>>>

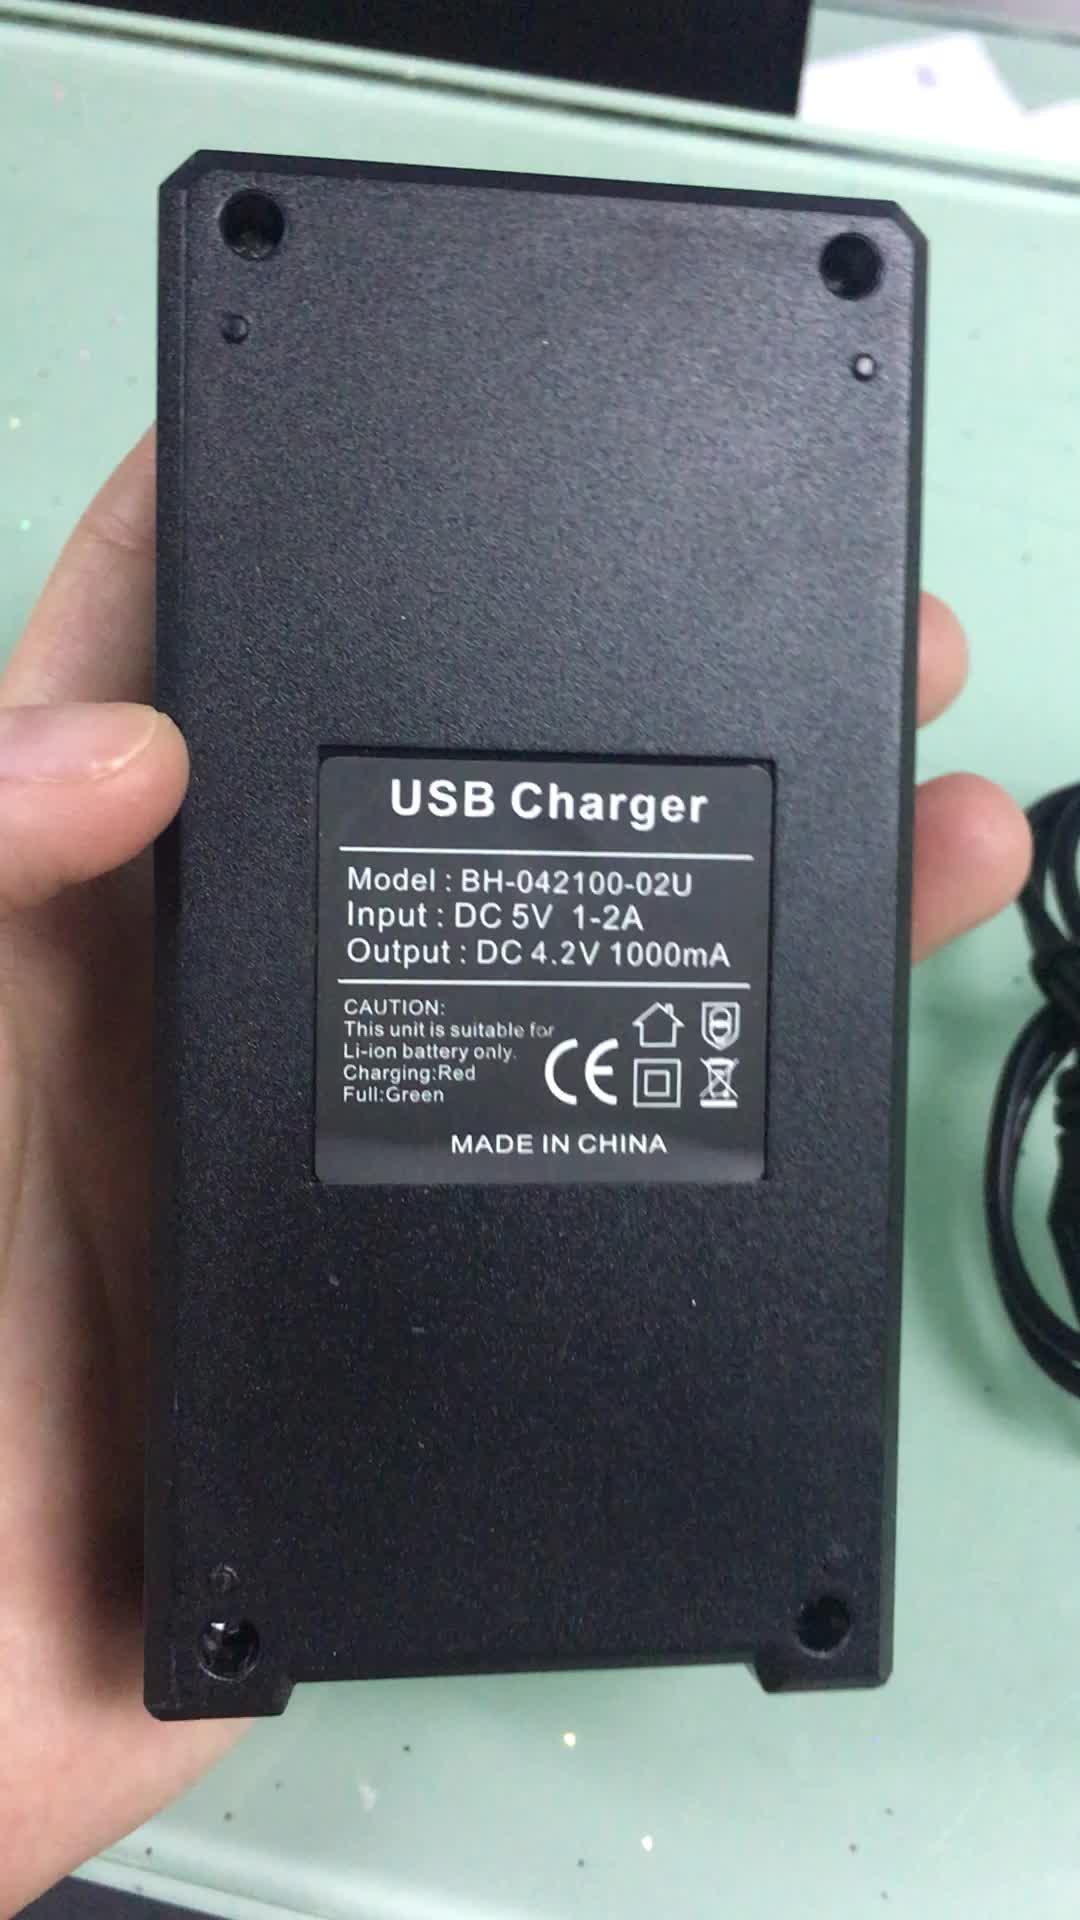 USB อัจฉริยะ 2 ช่องสำหรับ Li-Ion แบตเตอรี่ 18650 16340 ชาร์จ
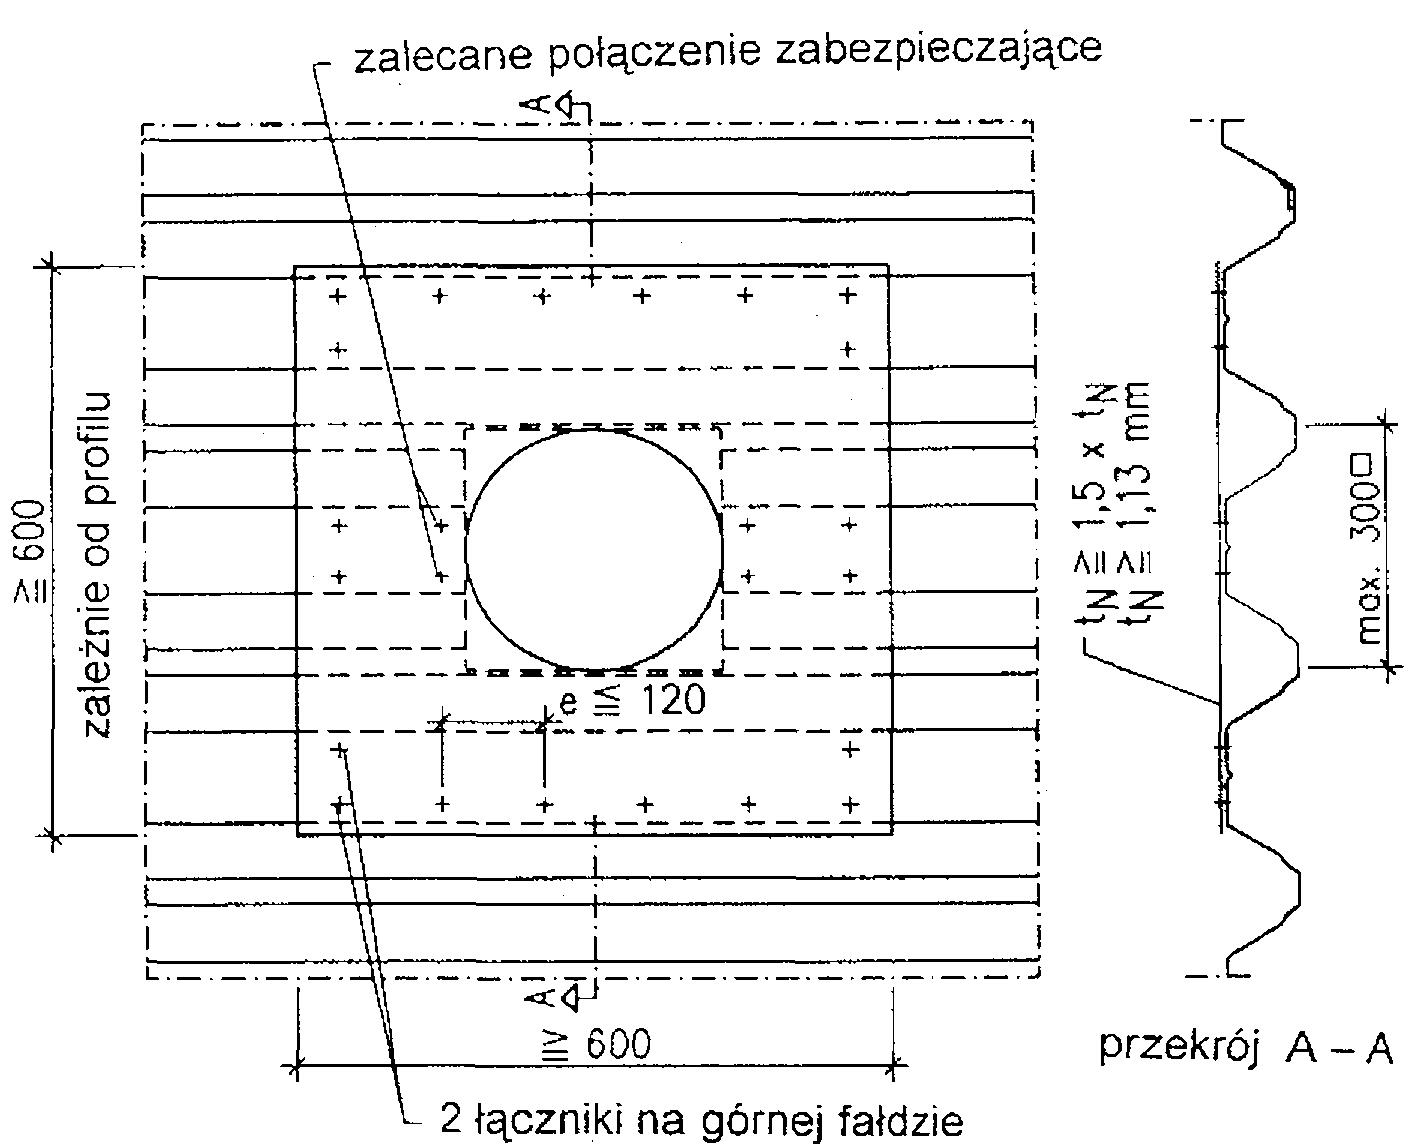 tmpeca8-1
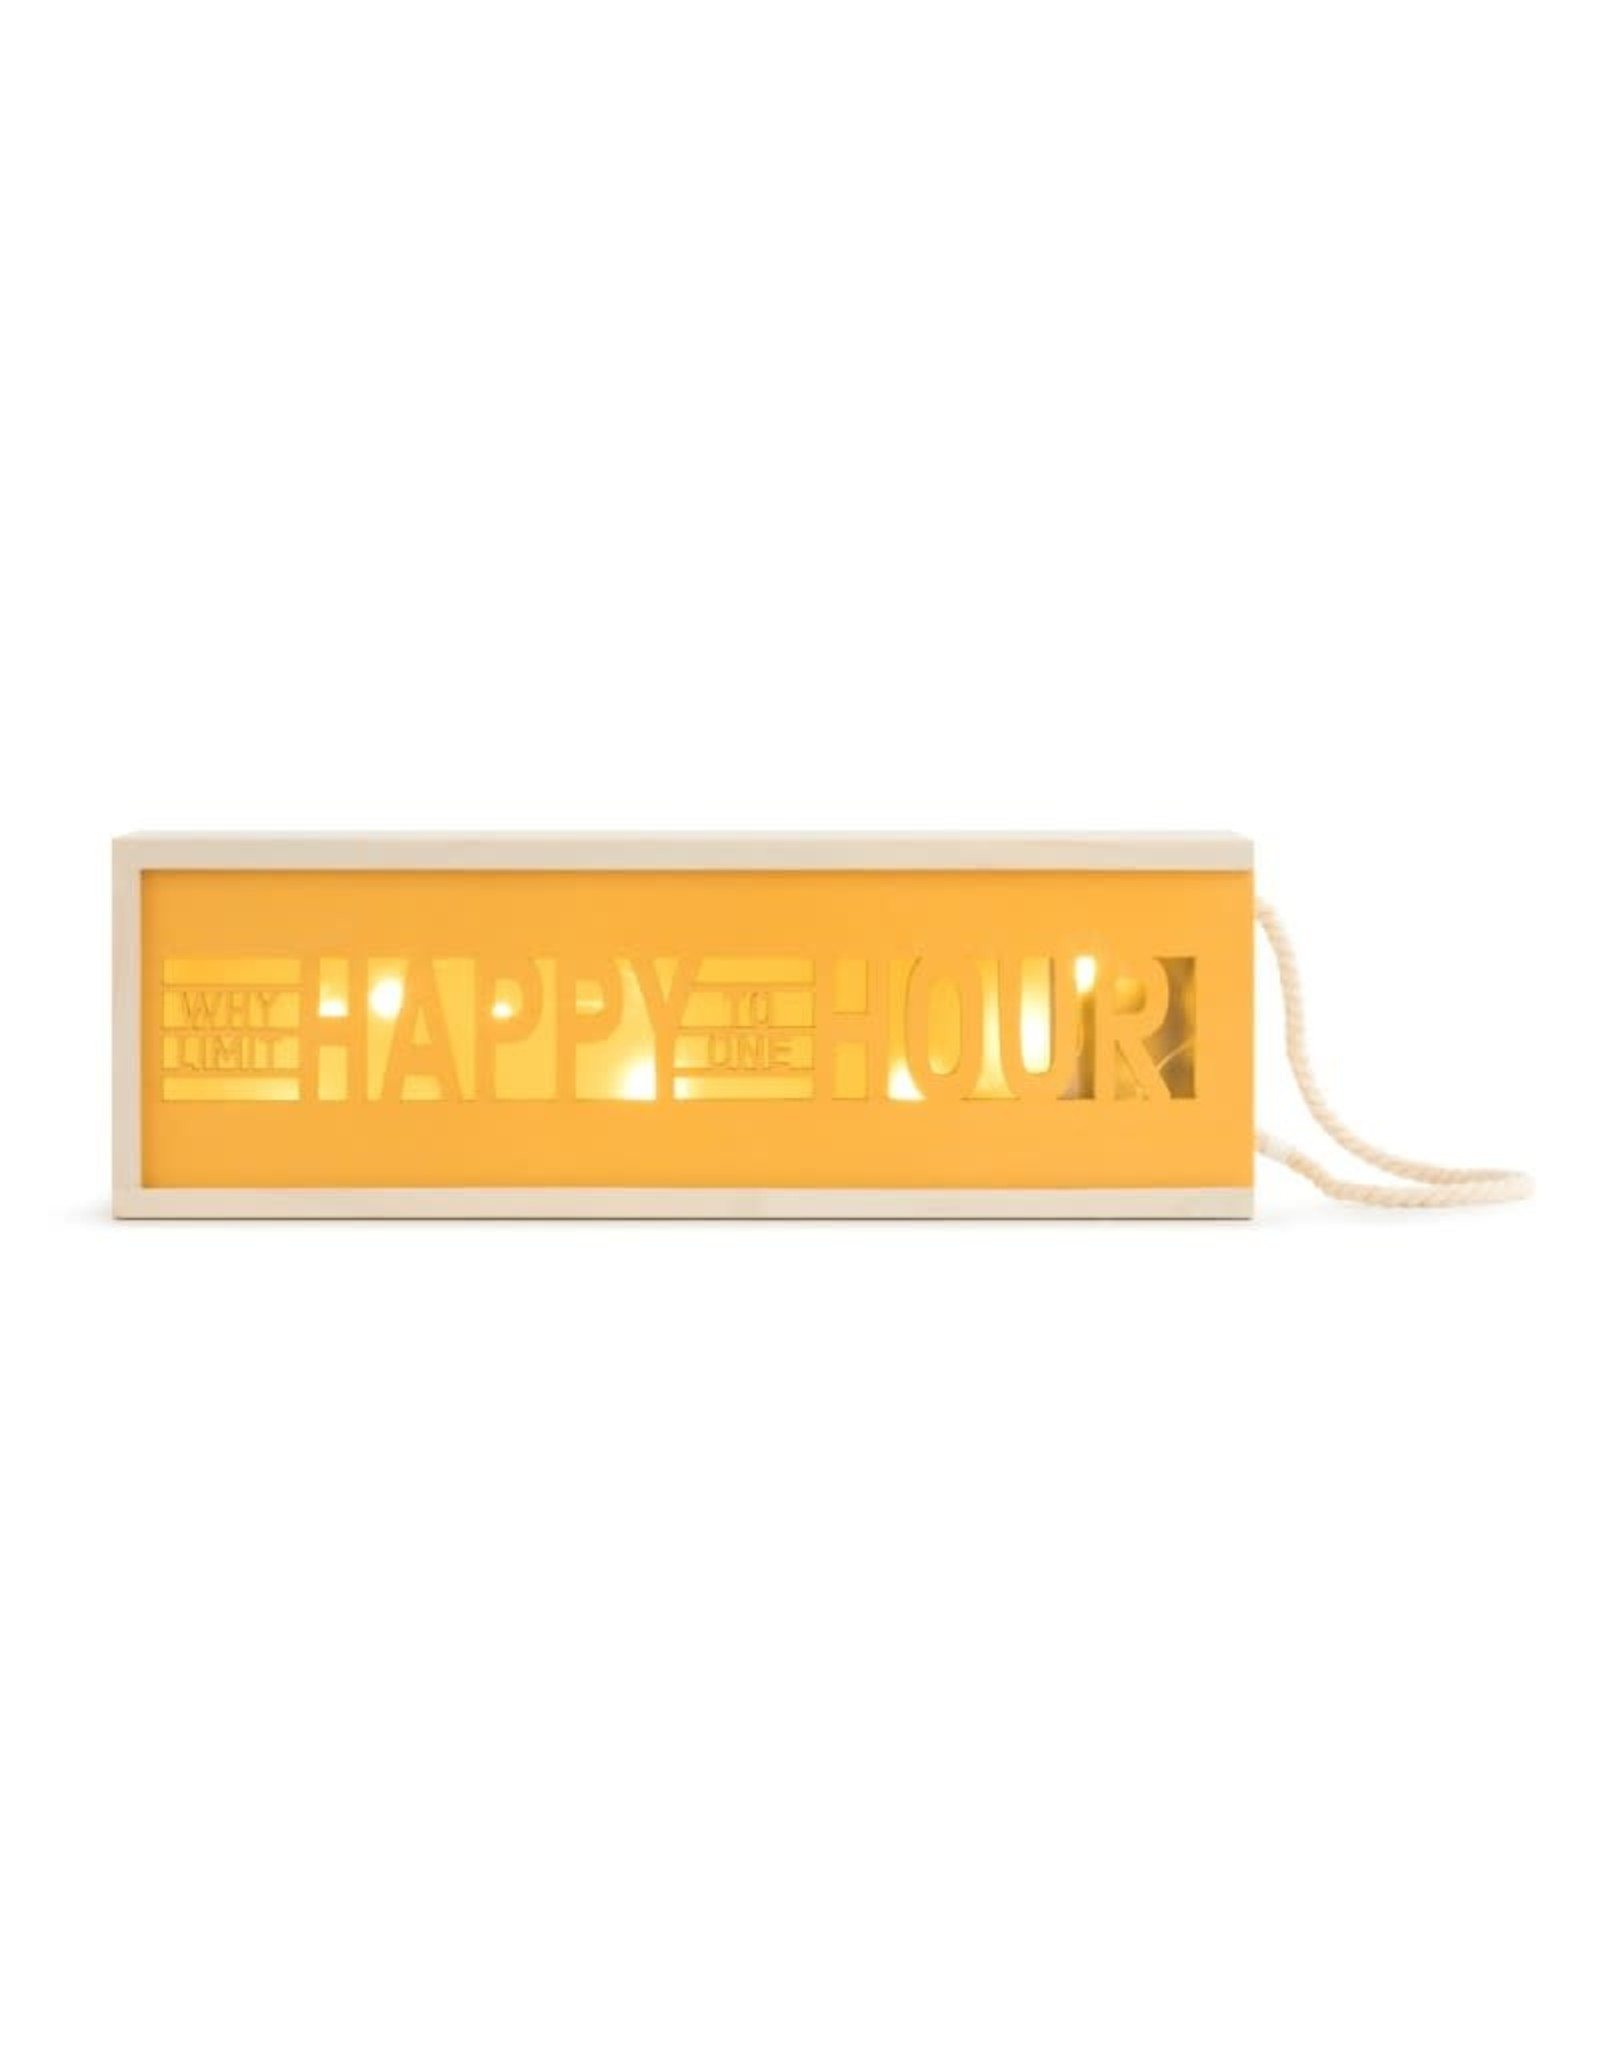 Wine Lantern - Why Limit Happy

<<<

### Required action:
An exact copy of the listing above, minus its pictures, is what is needed here.

### Response to the task:
 USB อัจฉริยะ 2 ช่องสำหรับ Li-Ion แบตเตอรี่ 18650 16340 ชาร์จ
 tmpeca8-1
 Wine Lantern - Why Limit Happy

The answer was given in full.